In 1993 he featured in a talent show final in Edinburgh, ''So You Think You're Funny?'', and was controversially left out of the winner's rankings when the audience assumed he had won.
His act, which was based around cartoons and props, like his comedy clubs, always contained an element of chaos. If a gig looked like going completely smoothly, he would find some way to disrupt proceedings.
Towards the end of the 1990s he was injured in a car crash, stopped performing and teaching and attempted a recovery which later involved two years of treatment in America. While there he was involved in an incident with a stolen ambulance.
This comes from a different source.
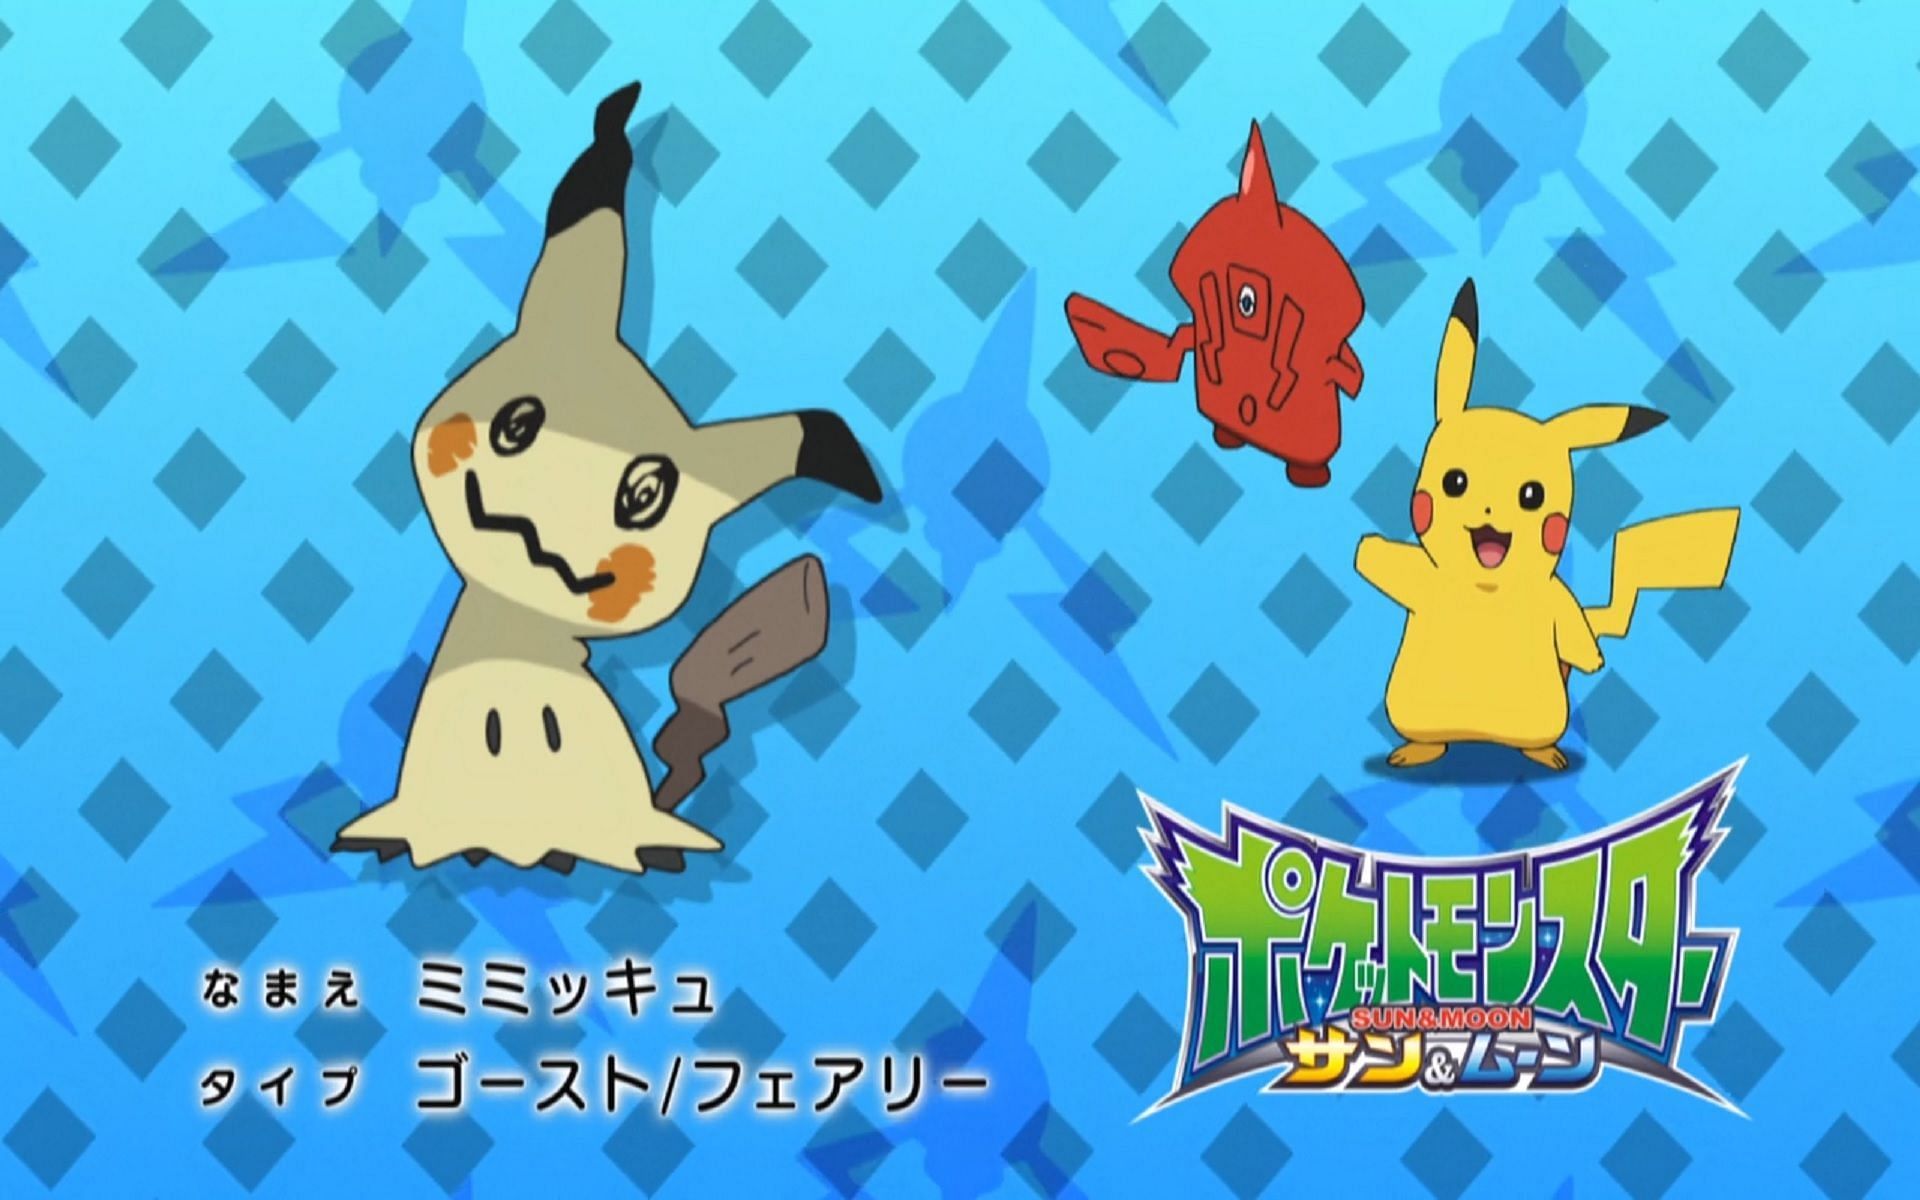 Mimikyu as seen in promotional art (Image via The Pokemon Company)
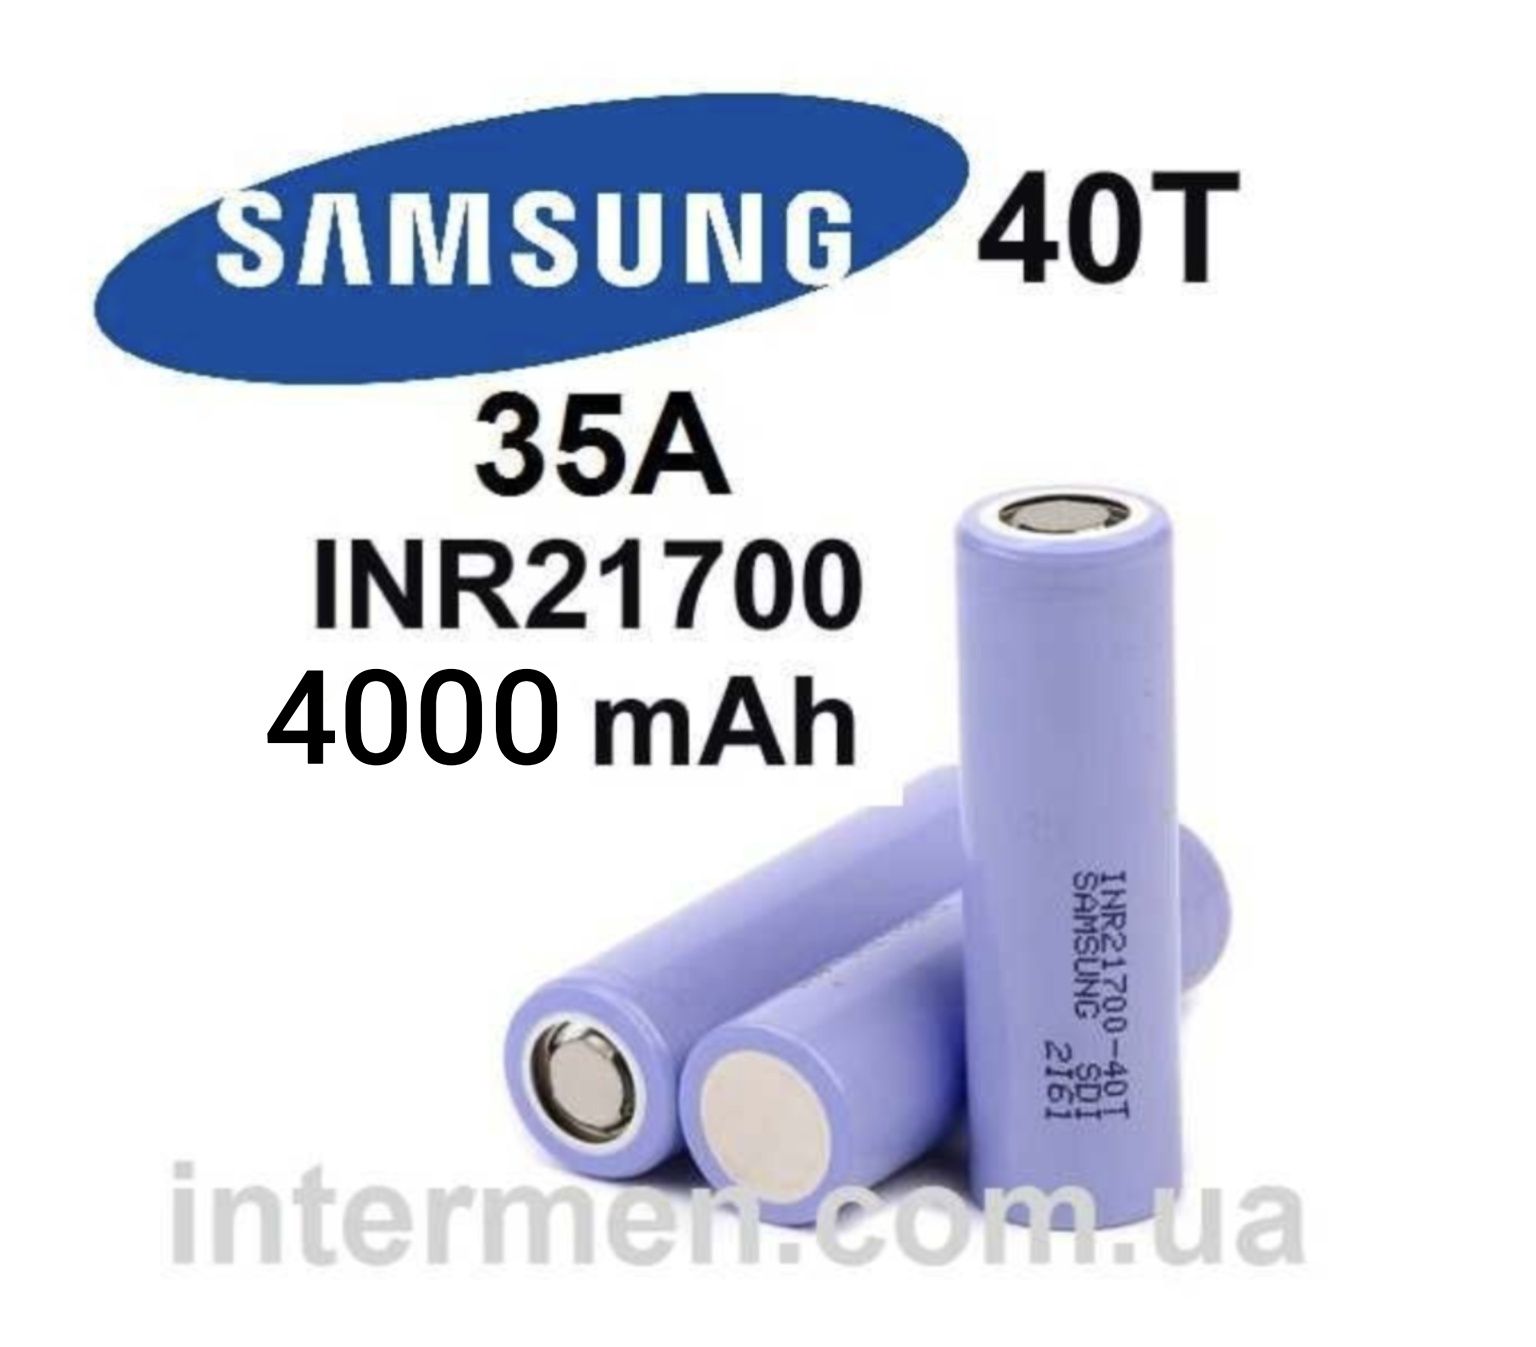 Samsung INR 21700 - 40T 35А Li-ion, аккумулятор

The details are sketchy and he refuses to talk about it, saying only that he had to sign a confidentiality agreement before he was allowed to return to Britain.
In 2000 he returned to stand-up briefly before becoming mentor to a group of young wrestlers. He encouraged them to relate to the crowd and improved their character presentation and microphone technique among other things.
In November 2004, his wrestling troupe, the Sensational I.W.F., were asked to perform at The Cafe De Paris, Leicester Square, to celebrate the 25th birthday of ''VIZ Magazine'', before an invited audience of B, C and D-list celebrities and fans of the magazine. His two sons Shaun and Kris became the wrestlers The Avery Brothers, and are now accomplished rappers, forming Rapscallion with Dan Moore and C.T. Renegade.
He encountered many problems when dealing with wrestlers and wrestling promoters, whom he described as, "A bunch of fantasists, many of them entering their third childhoods.", and left wrestling after several bad-tempered incidents and violent clashes.
He also featured completely naked in the ''Daily Mirror'', in an article focussing on men's health issues.
He has returned to stand-up comedy, but still refers to himself as an alternative comedian. Recently he has promoted comedy gigs at The Copt Hill, Houghton Le Spring, Gateshead Fell Cricket Club and has recently compered for Edinburgh Previews for Simon Donald and Vladimir McTavish. He opens a monthly show at Gateshead Town Hall from September 18, 2010.